-- Opening Marker --

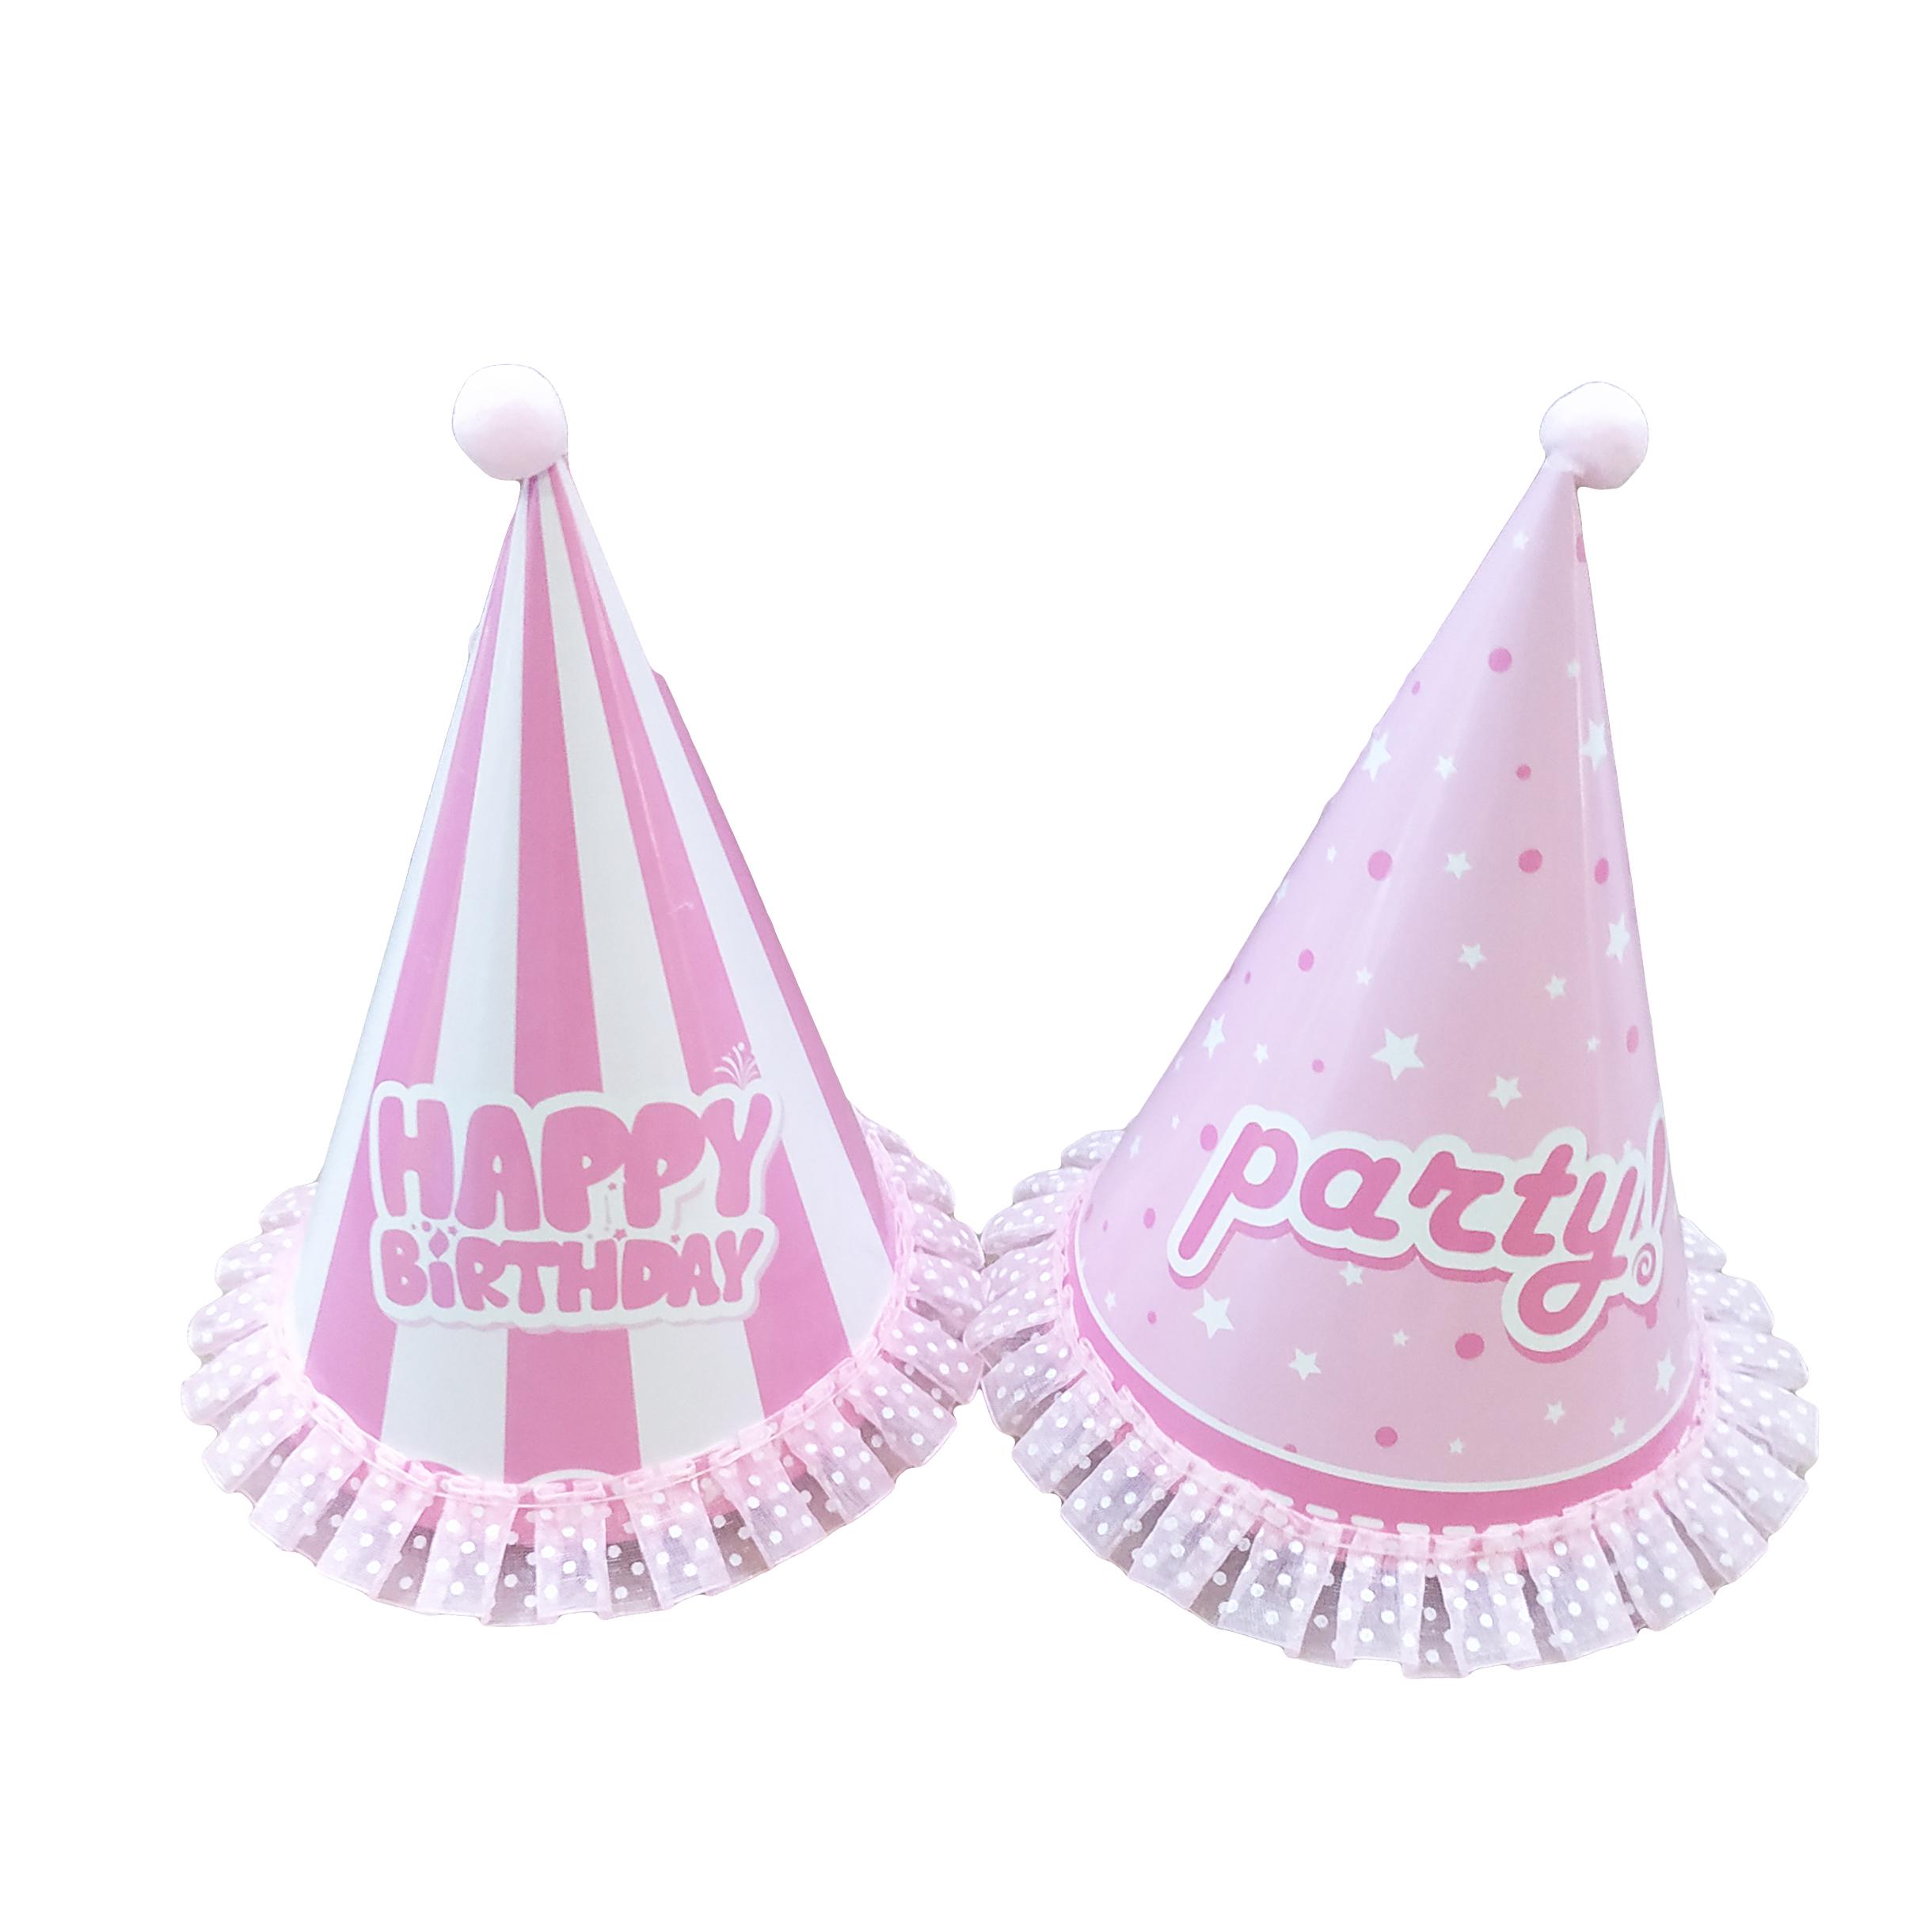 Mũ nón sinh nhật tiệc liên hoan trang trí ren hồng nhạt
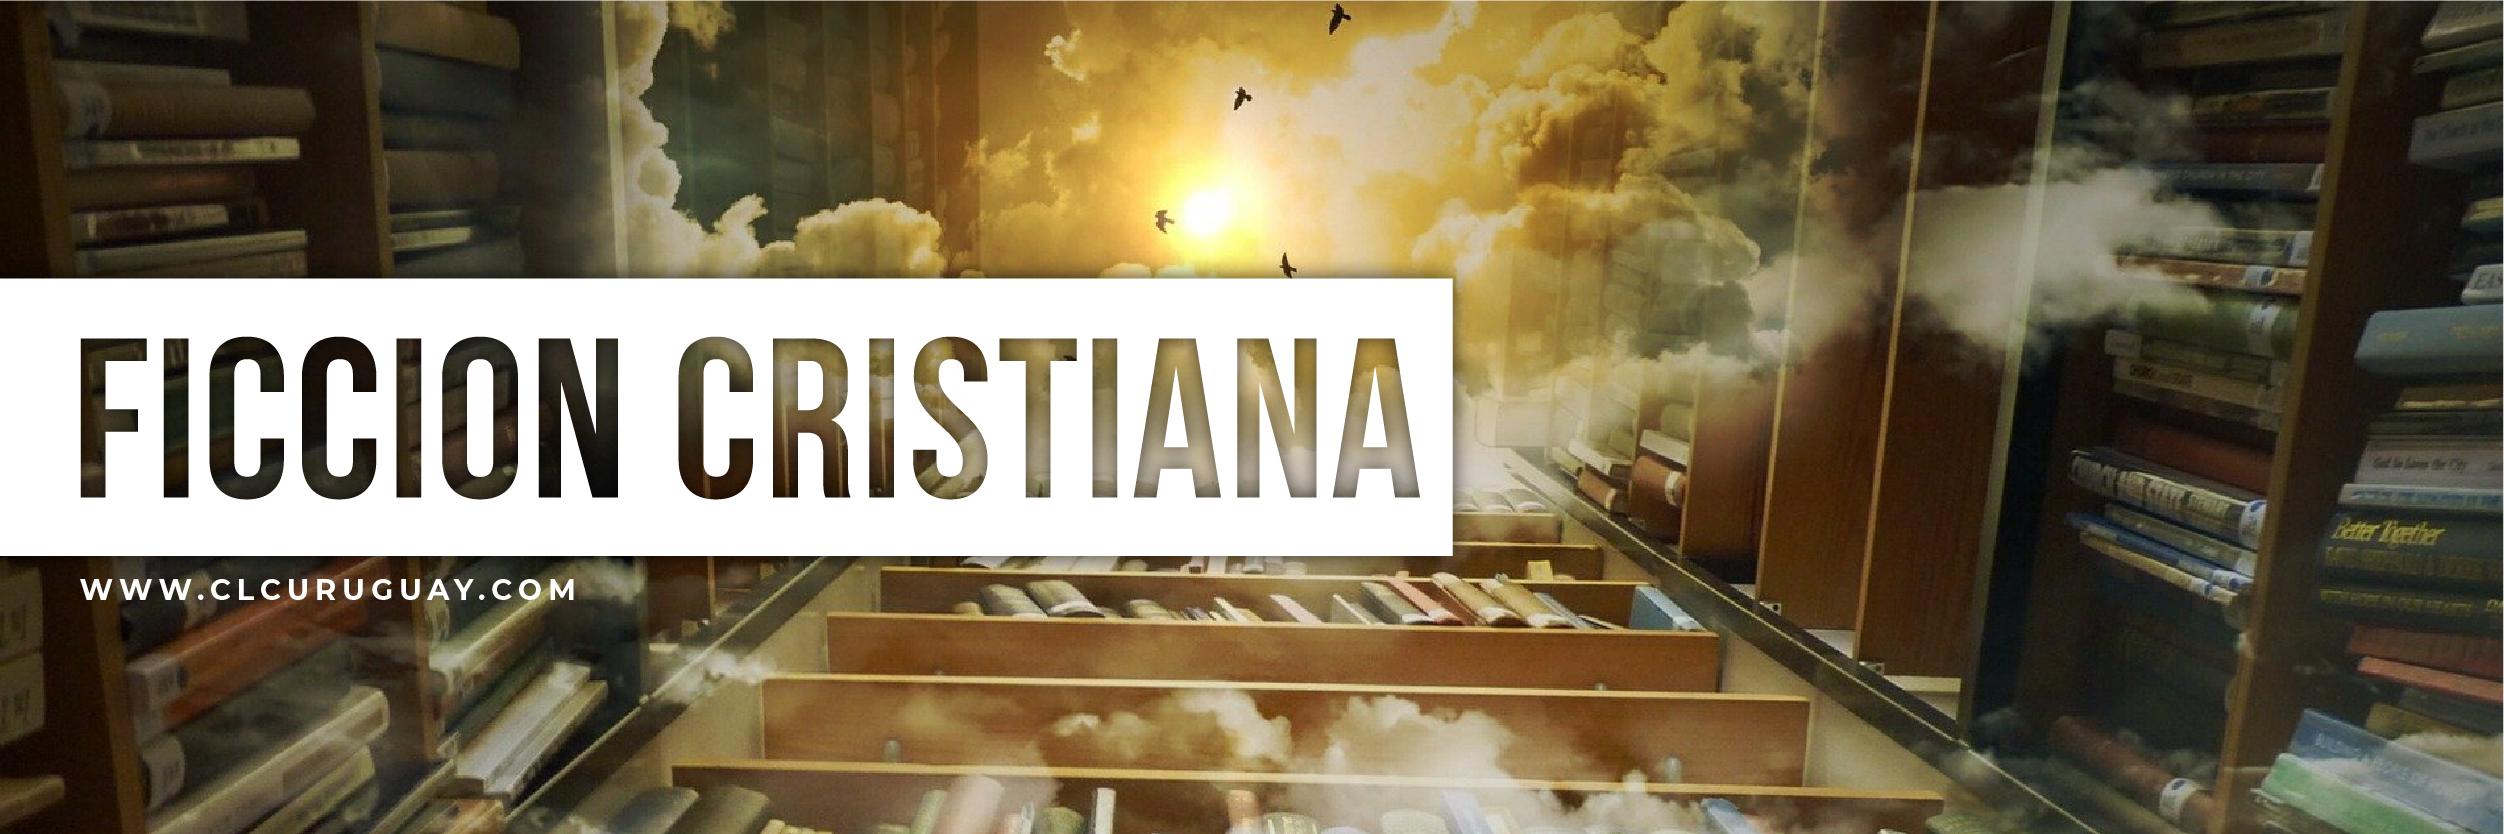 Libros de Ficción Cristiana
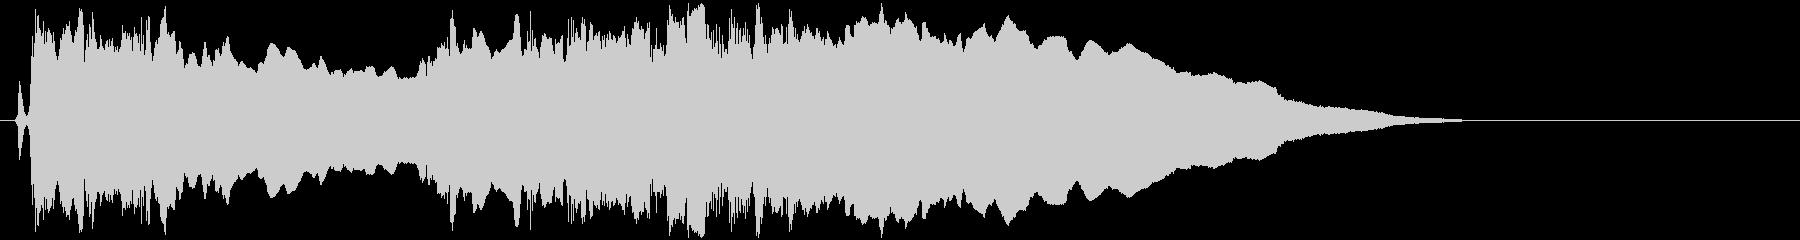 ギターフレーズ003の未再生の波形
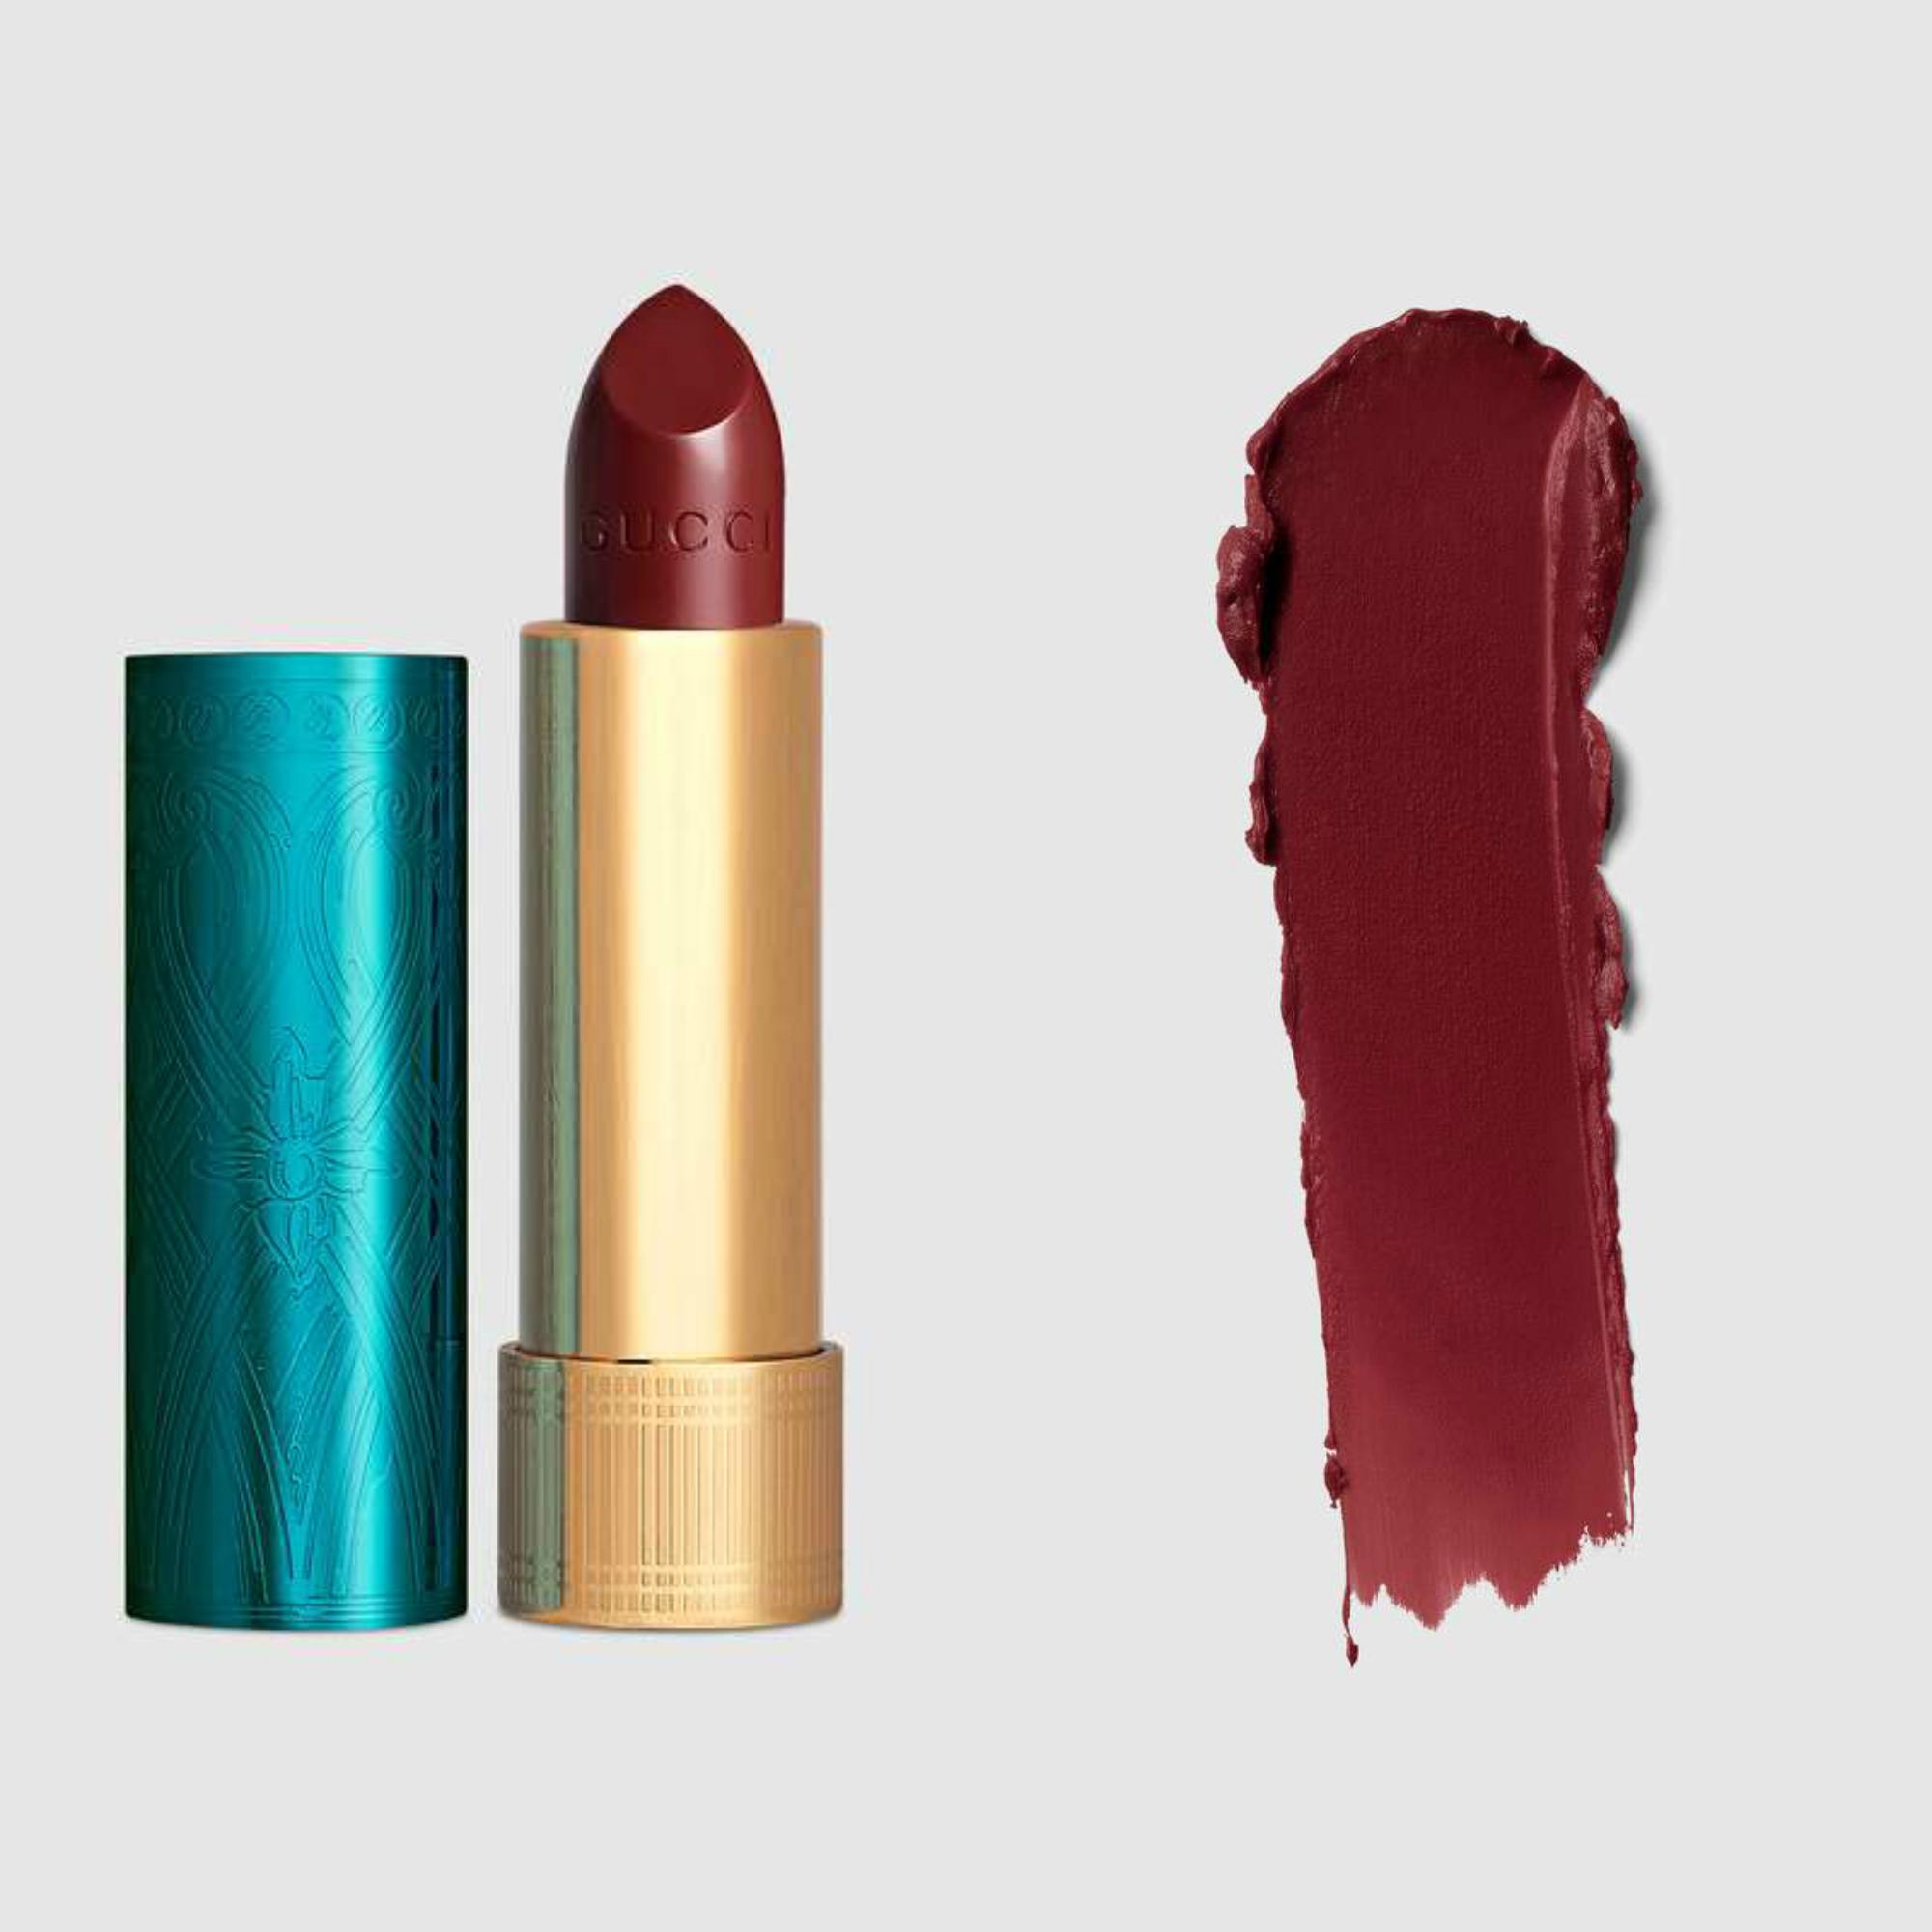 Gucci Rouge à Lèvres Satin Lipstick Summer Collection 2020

-- Closing Marker --

**Exercise directions**
Omit the pictures and write out the lines above from the one with "ギターフレーズ003の未再生の波形" through the last, unchanged.

**Written solution**
 ギターフレーズ003の未再生の波形
 Gucci Rouge à Lèvres Satin Lipstick Summer Collection 2020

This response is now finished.